Похоже на то, что нас перевезли ночью, возможно, предварительно опоив снотворным: утром на каждом из нас оказалось ровно столько вещей, сколько было перед сном. К примеру, писатель Павел Петрович проснулся в очках (задремал за чтением), а я — в наручных часах. Привыкла спать с часами и Альгейба — оттого мы вдвоем являемся здесь владыками времени (у гадалки часы висят на груди — золотые, с рельефным изображением зодиакального Льва на крышечке). Однако у большинства жильцов личная собственность ограничена майками, плавками да ночными сорочками. Орешкин щеголяет в розовой пижаме без штанов (и, кажется, без нижнего белья), дед Витя — в ярких «семейках». Остальные воспользовались содержимым местного гардероба.

Но кто перевез нас сюда? Кто дал снотворного? Наши родные? Но зачем?… Я бы подумала, что это оригинальный сюрприз, если бы не мертвец в подвале…

Нет, нет, нет!

Забудь, забудь, забудь!

Не думай! Не думай! Не думай!

Раз, два, три!

Всё, забыла.

…Я облюбовала себе местечко в кабинете за матовыми раздвижными дверями, куда не доносится шум из гостиной.

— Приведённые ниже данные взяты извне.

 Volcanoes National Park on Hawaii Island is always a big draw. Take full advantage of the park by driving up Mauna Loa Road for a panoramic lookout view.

Круглый деревянный столик, круглые задорные кактусы — это место идеально подходит для сочинительских экзерсисов. Всю стену — от пола до потолка — занимает огромный стеллаж, набитый книгами, журналами, бумагами, кистями, красками, разными канцелярскими пустяками. Как будто кто-то безмолвно восклицает: «Хочешь творить — твори!» На стеллаже я отыскала гелевую ручку и общую тетрадь, — и решила вести летопись жизни в Доме.

Ну что ж, поехали…

Жильцы

Нас здесь девять человек, на которых приходится десять спален.

Комнаты — одинаковые, но есть нюанс: смежные номера как бы зеркально отражают друг друга (в смысле меблировки).

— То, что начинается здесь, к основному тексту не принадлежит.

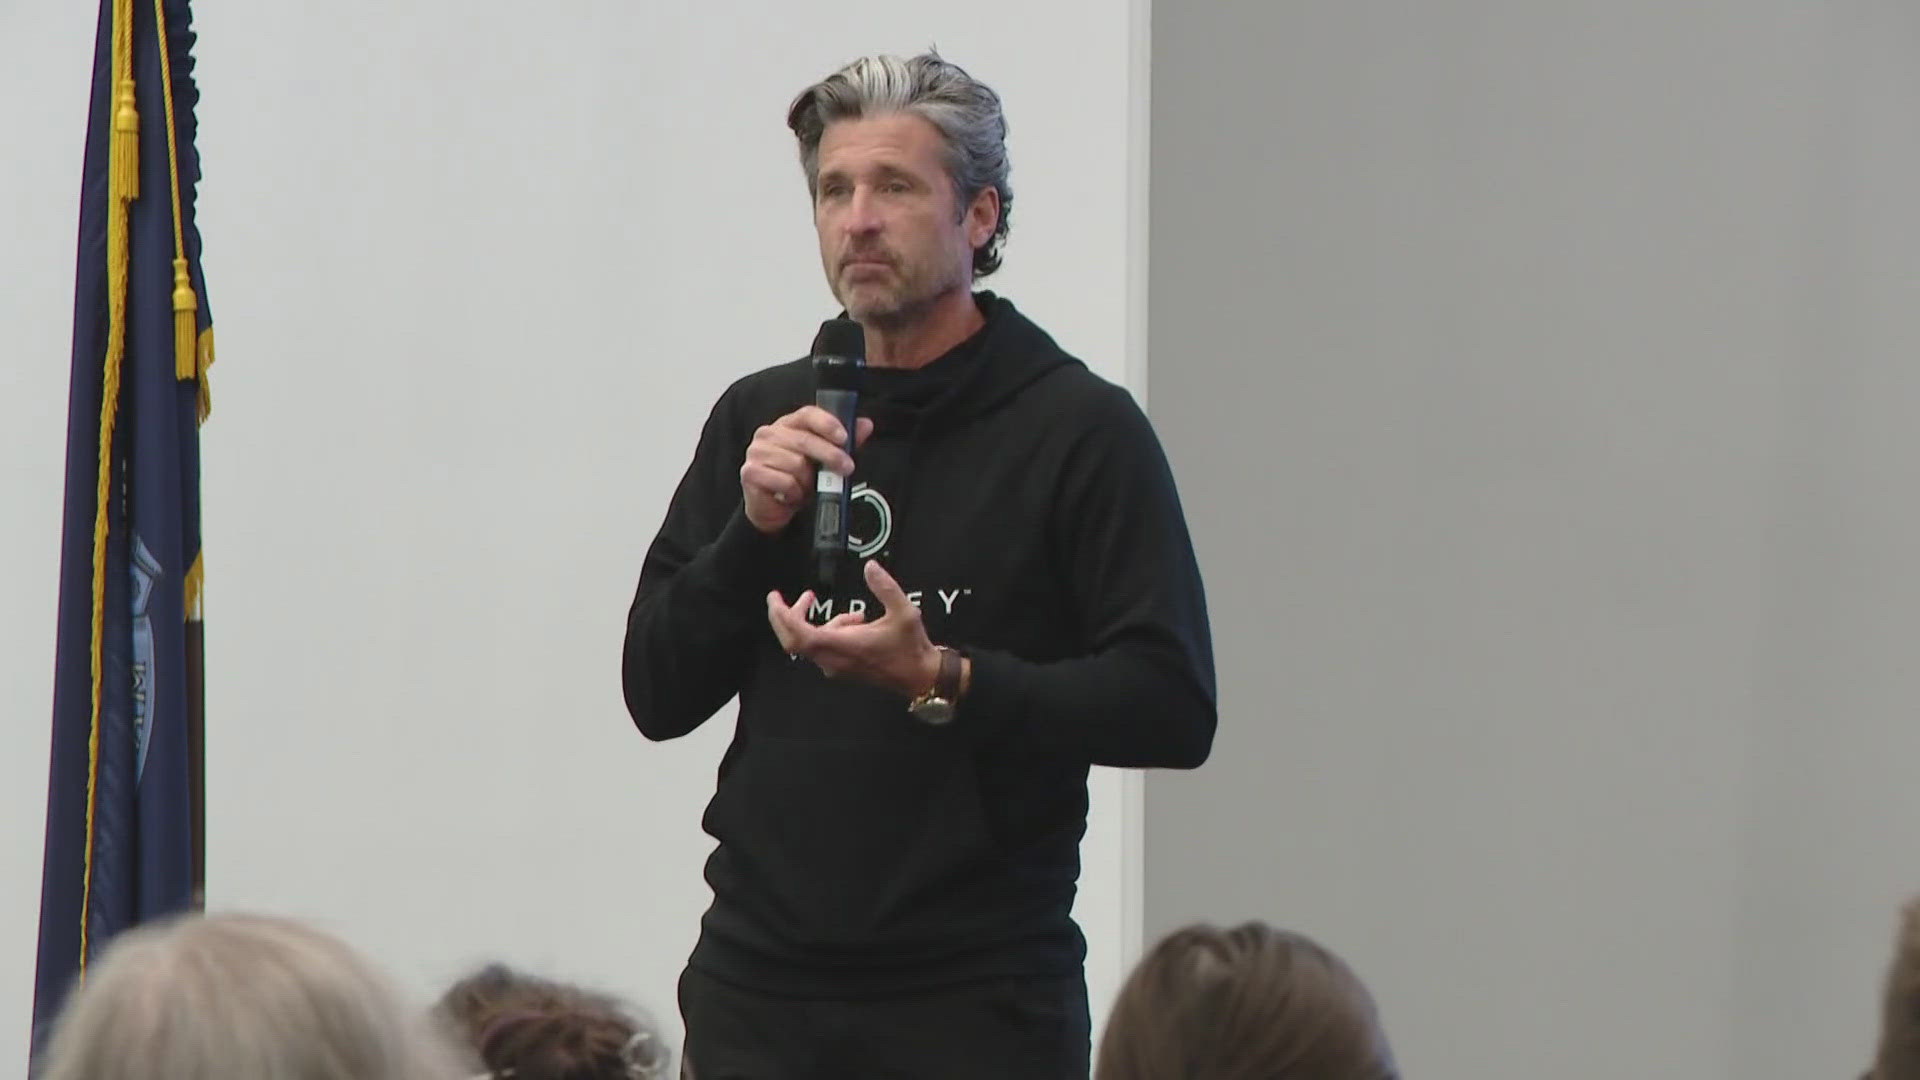 Unum will be this year's presenting sponsor for the Dempsey Center's 5K Run/Walk. Maine native and actor Patrick Dempsey stopped by Unum to receive the donation.

1. В номере первом — прилегающем торцом к гостиной — обретается Марина Ткач, энергичная зеленоглазая женщина. Дама с быстрыми пухлыми ручками и такими же пухлыми ножками, усыпанными следами комариных укусов. Волосы каштановые, — цвет несколько подпорчен химической завивкой. Прическа «шапочка» с желтыми обесцвеченными перьями, какую носит половина ковыльских обывательниц.

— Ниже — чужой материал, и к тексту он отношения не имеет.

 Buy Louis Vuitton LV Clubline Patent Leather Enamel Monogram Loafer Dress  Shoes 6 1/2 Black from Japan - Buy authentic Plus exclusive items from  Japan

Марина — «приходящий повар у крутых» (по ее собственному признанию) и местная знаменитость. Дважды по КТВ в передаче «Наши таланты» мне случалось видеть ее творения — картинки-аппликации из осенних листьев и проволоки (медную проволоку нарезал муж — его хмурое, с белесыми бровями лицо показали мельком).

Марина кормит нас превосходными блюдами и делает это с удовольствием. В обед я ей немного помогла в качестве «принеси-подай-почисти», а она рассказала мне о своей семье, в которой все — увлеченные люди (стихи, икебана, лобзик), и поделилась собственными творческими планами. Оказывается, художница мечтает создать портрет ежа из канцелярских кнопок — чтобы имитировать настоящие колючки. Эта идея ей пришла сегодня утром, когда на стеллаже она заметила кнопки — реликт, о котором в наш век скотча уже начали подзабывать.

К концу рассказа я немного утомилась. Марина это заметила и, сделав недовольное лицо, прогнала меня с кухни (ну и хорошо).

2. В соседней комнате, под номером 2, живу я, Констанция Есько.

О себе я и так всё знаю.

3. В третьем, справа от моего, номере обитает отец Лены Орешкиной (моей соседки по подъезду), — седовласый безумец, похищенный нашими неведомыми хозяевами прямо из психиатрической клиники.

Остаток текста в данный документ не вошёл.